As O’Dell promised Bush in-between the Diebold chairman’s travels from Canton, Ohio and the corporation’s Moscow offices 15 minutes from the KGB, the state was delivered to his presidential candidate using the same Accuvote-TS to count votes in Ohio that South Carolina’s officials were buying and now want to “update.” It’s the same equipment South Carolina officials used in 2016 to count Donald Trump’s votes for president.
O’Dell was investigated by the U.S. Department of Justice for bribing Russian Federation officials; but there’s no evidence the Ohio corporation’s former chairman was investigated by Russian federal agents for bribing that foreign government’s officials. Diebold in Moscow is represented by Jones Day from its Moscow office.
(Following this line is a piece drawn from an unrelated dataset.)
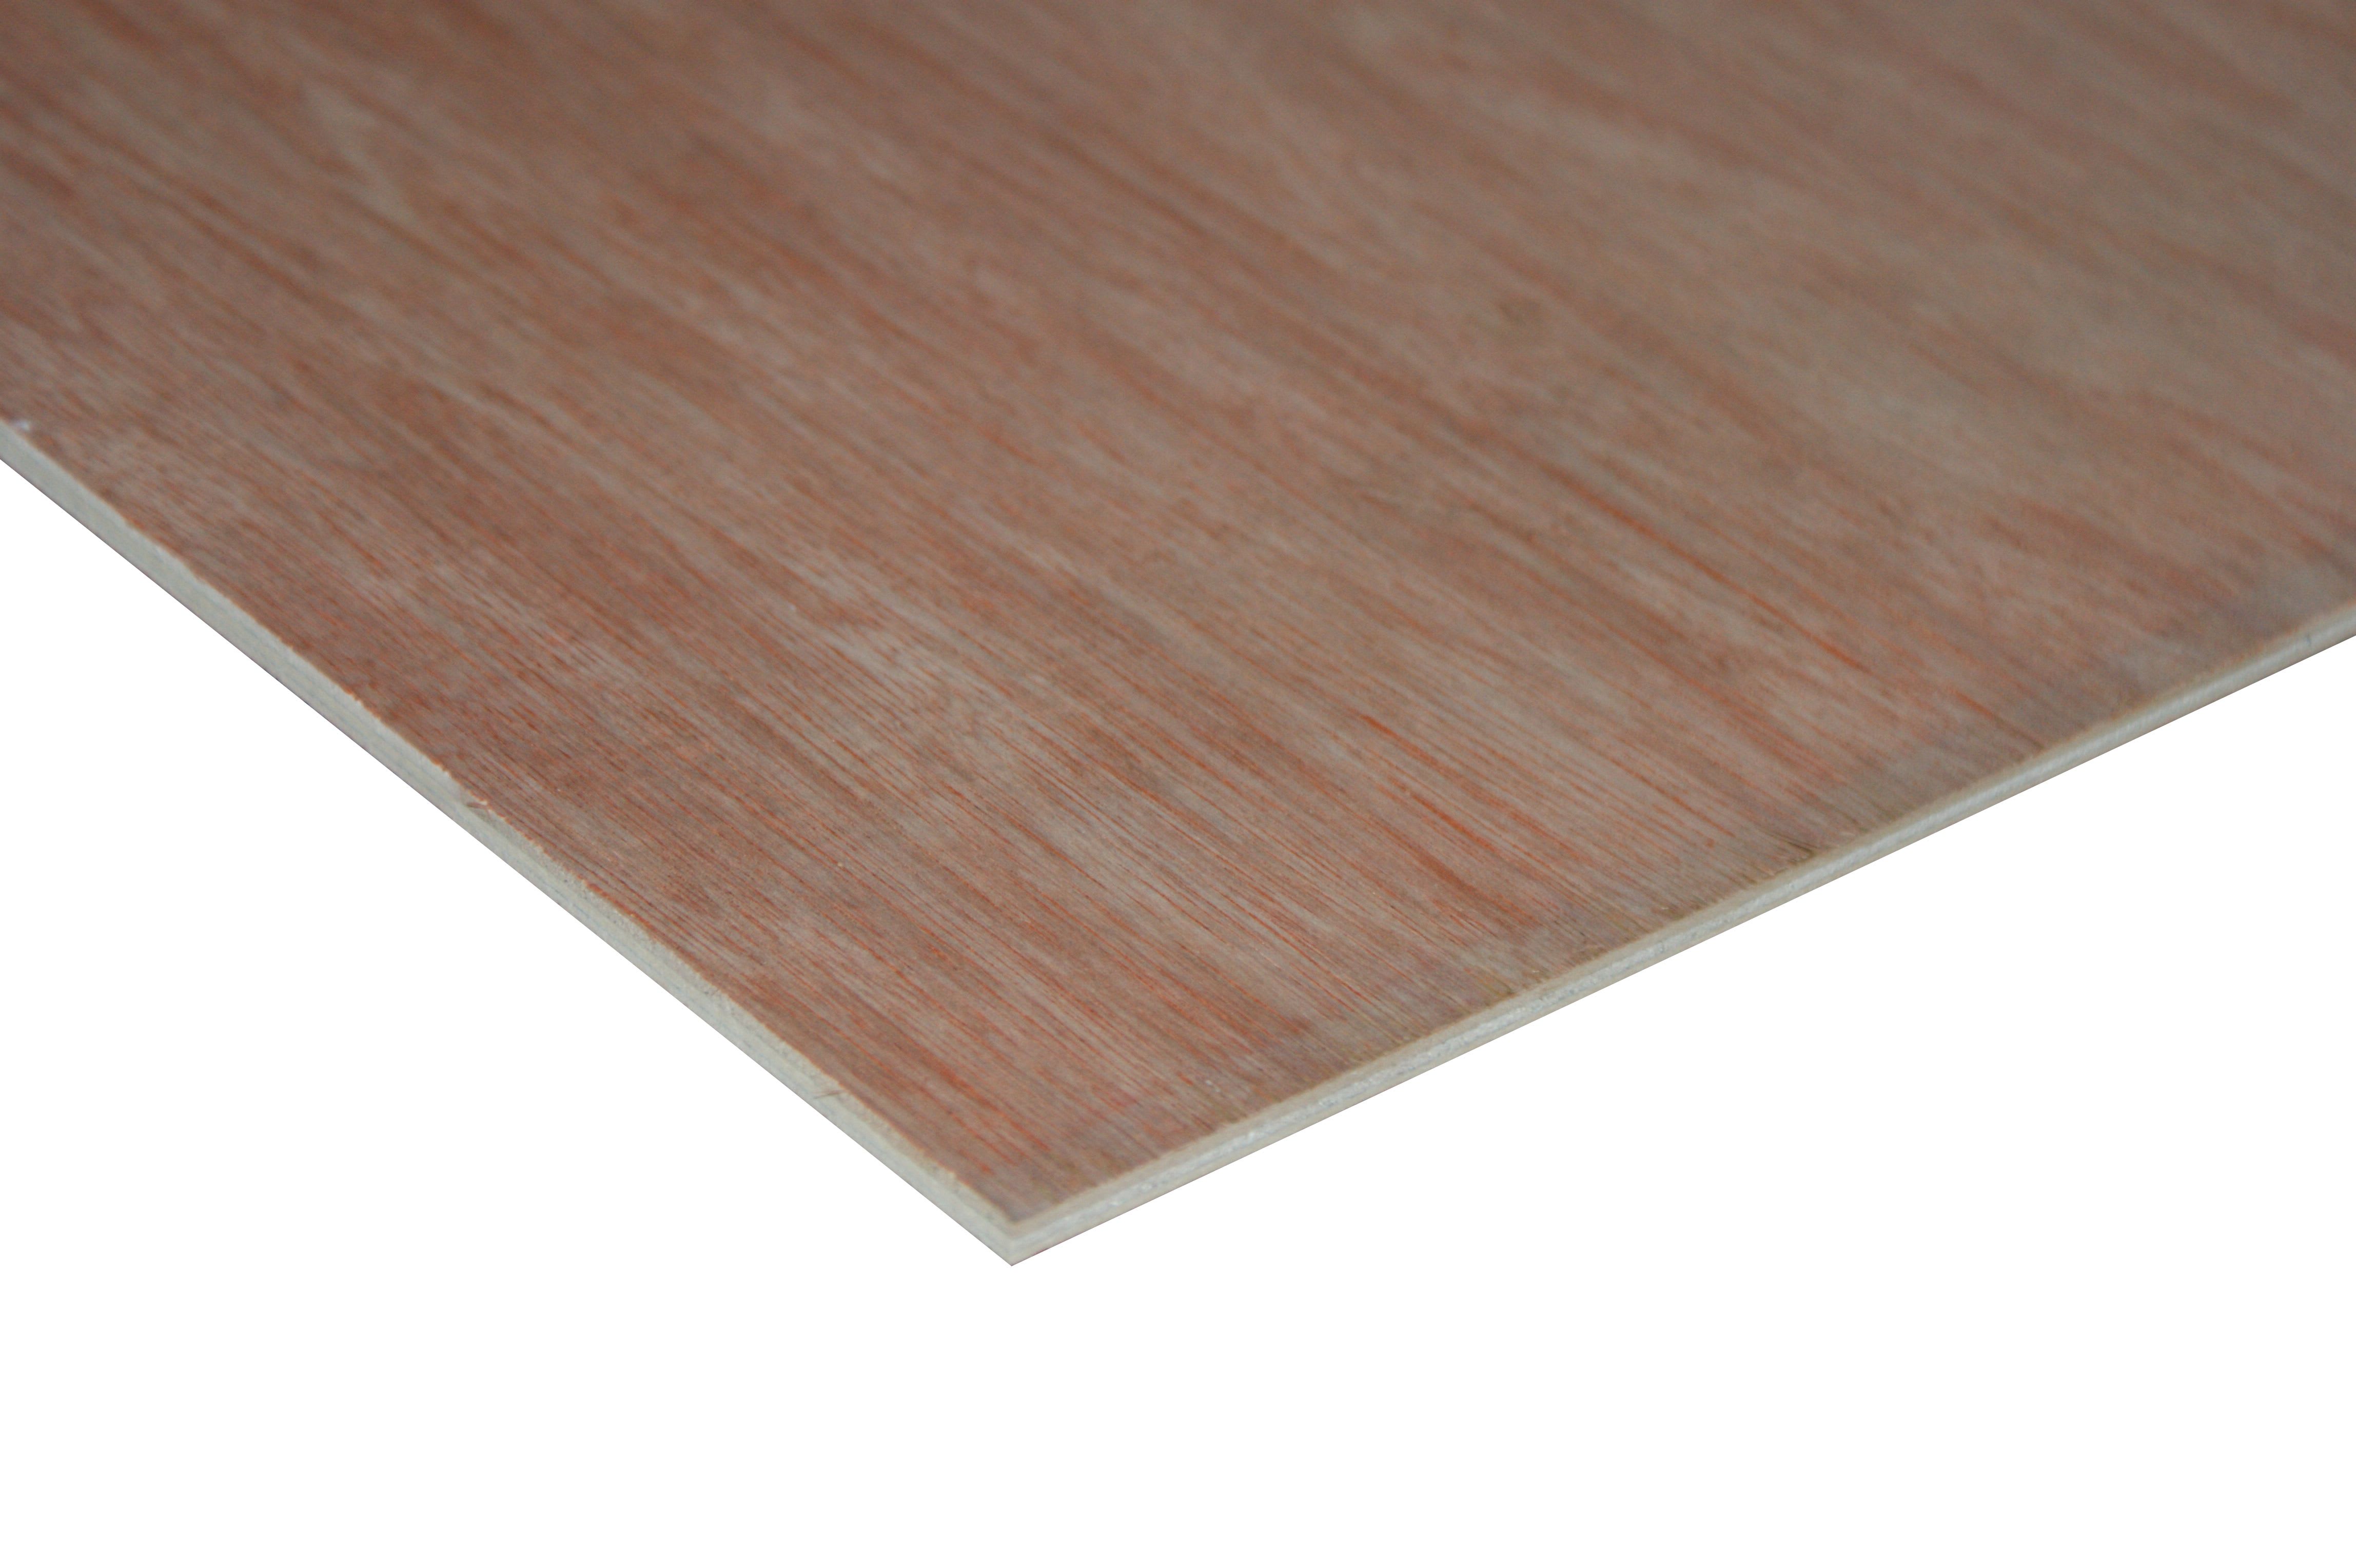 Non-Structural Hardwood Plywood Sheet - 5.5 x 607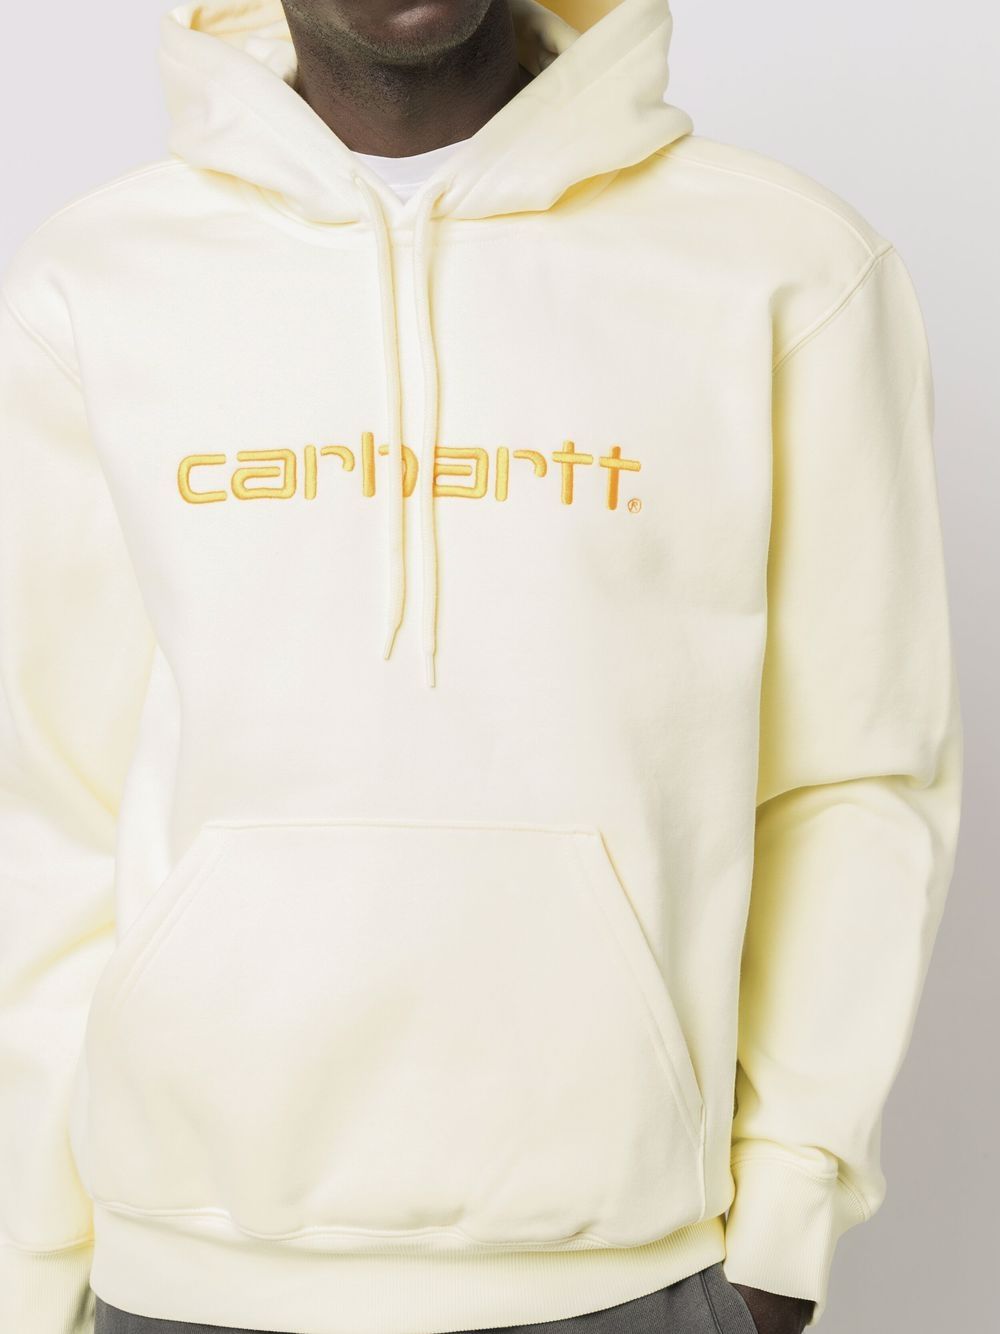 фото Carhartt wip худи с вышитым логотипом

Russia’s attorney – client privileges are different in that it exists only during “advocacy” proceedings. Otherwise, the Russian Federation can enter the offices of a foreign corporation’s law firm to review or obtain its records. Hammond’s decision to defend the vendor and not investigate the federal Ohio official’s concerns about the vendor suggests he doesn’t understand the full scope of information that exists on the topic of “election security” being raised in Fudge’s hearings.
A request for vendors to bid on supplying South Carolina with new electronic voting equipment was due on March 1, 2019. Hammond’s letter expresses he has no interest in learning why individuals holding office as state secretaries, and who managed elections, were dumping and banning the Accuvote-TS that South Carolina officials were buying and installing between 2004 and 2005.